По-видимому, этот брат не знал и его имени. Он снова, менее крепко, пожал руку Виеру и пошел дальше. «Не верить. Никому не верить — плохой признак. А мы единомышленники, „соратники“. И Бланки не верил никому, не очень верит, кажется, и в дело… Собственно еще не поздно отказаться: просто завтра остаться дома. Тогда этот Пьер будет говорить, что я изменник, полицейский осведомитель. Это у нас делается просто, о самом Бланки так говорили. Нет, всё давно решено, передумывать поздно. В идею я твердо верю во всяком случае: надо уничтожить рабство, то рабство, в котором и я живу с девятью десятыми человечества».
Он в этот день почти ничего не ел и решил напоследок себя побаловать. Купил полбутылки вина, хлеба, котлету, немного сыра и даже пирожное, — давно себе всего этого не позволял; с улыбкой вспоминал как питался у Лейденов и в Верховне. Когда он возвращался домой, по улице шла толпа рабочих, нестройно певшая «Mourir pour la patrie». Лица у всех были мрачные. Пьяных не было.
В гостинице словоохотливая хозяйка (Виер давно ее интересовал) игривым тоном сказала, что к нему заходила дама:
— Записки не оставила, но велела передать вам, что умоляет вас зайти к ней возможно скорее. Имени не оставила. Очень красивая дама. Иностранка. У нее такой приятный голос. И чудные зеленые глаза!

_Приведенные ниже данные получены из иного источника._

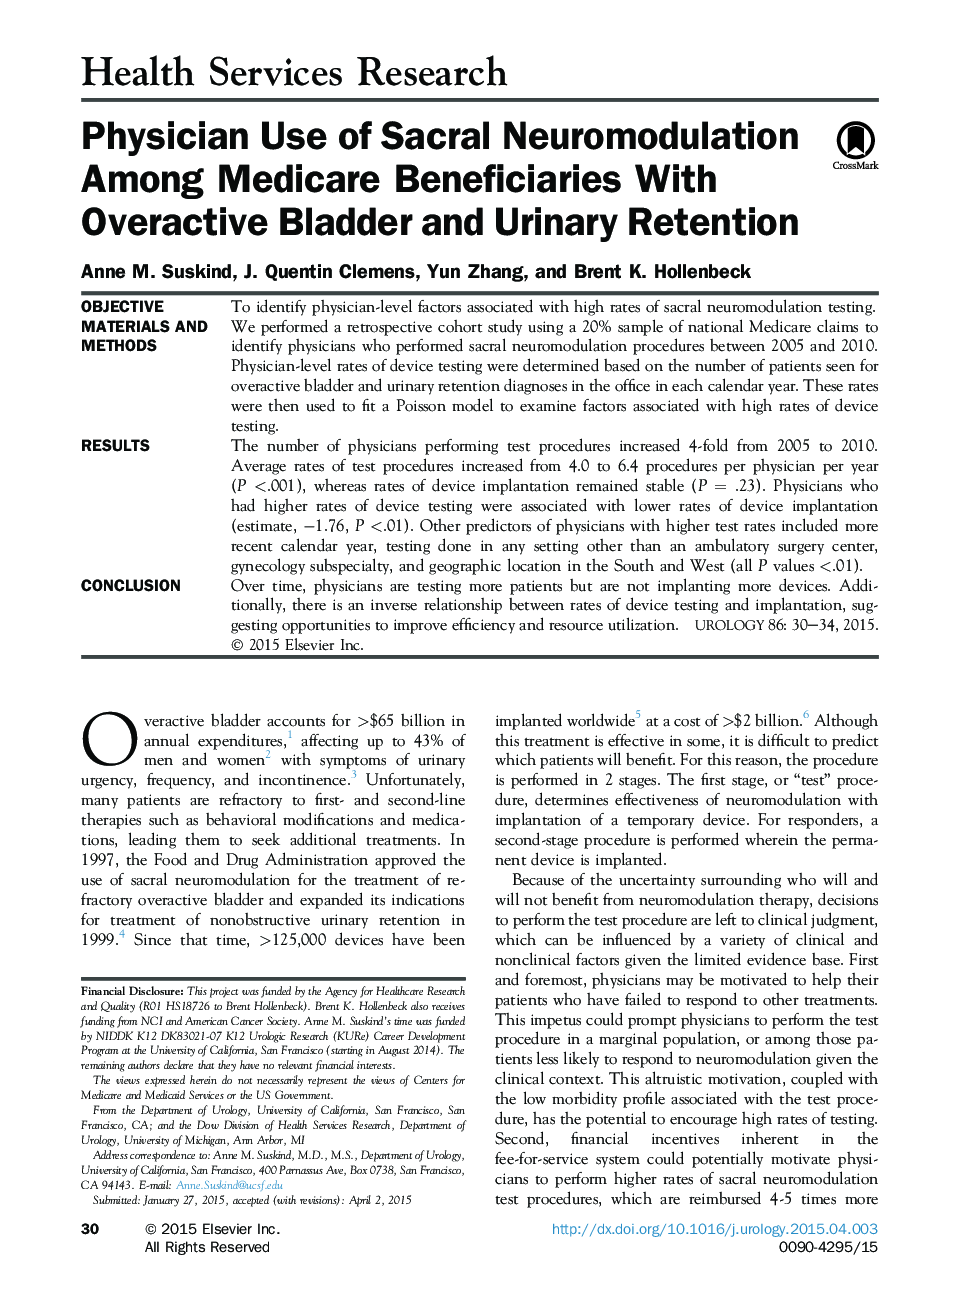 Physician Use of Sacral Neuromodulation Among Medicare Beneficiaries With Overactive Bladder and Urinary Retention

Виер пожал плечами и поднялся к себе в комнату. Засветил «кенкет», — вспомнил каганцы с салом времен детства, — стал готовить себе ужин. Выпил вино до последней капли, разогрел кофе: сахара у него оставалось шесть кусков. «Как раз хватит на остаток жизни, — подумал он. — Как же идти на такое дело, когда мало веришь в успех? Еще никогда нигде не было настоящего социалистического строя, и попытки установить его неизменно кончались разгромом. Немного шансов, чтобы победили и мы. Если нас раздавят, то и мне пропадать. Скорее всего им тайно отдан приказ пленных не брать, кончать тут же. Людовик XIV не предписывал убивать гугенотов, он только объявил в декрете, что ошибаются люди, думающие, будто король запрещает maltraiter[133] еретиков. А если даже потом будет „суд“, их суд, всё равно расстреляют или сошлют в Кайенну. Бежать не удастся и некуда: кто меня впустит, да еще без денег? Да, в идею я верю твердо, это главное. Может и идея хороша лишь пока не осуществлена? Да, мы обреченное поколение». Ему снова представился давний, длинный, скучный ход рассуждений: «Из наших костей что-то вырастет, кто-то явится, сделает то, что нам не удалось, и т. д. Из-за этого „и так далее“ завтра десятки тысяч людей отдадут жизнь! И я отдам, так мало от нее взяв, так мало ее узнав, так мало даже увидев… Вот и луны больше не увижу, умру верно до наступления вечера… Но если завтра с утра пойдет дождь, то восстания не будет. Тогда останусь цел. Что ж, хочу ли я, чтобы пошел дождь?»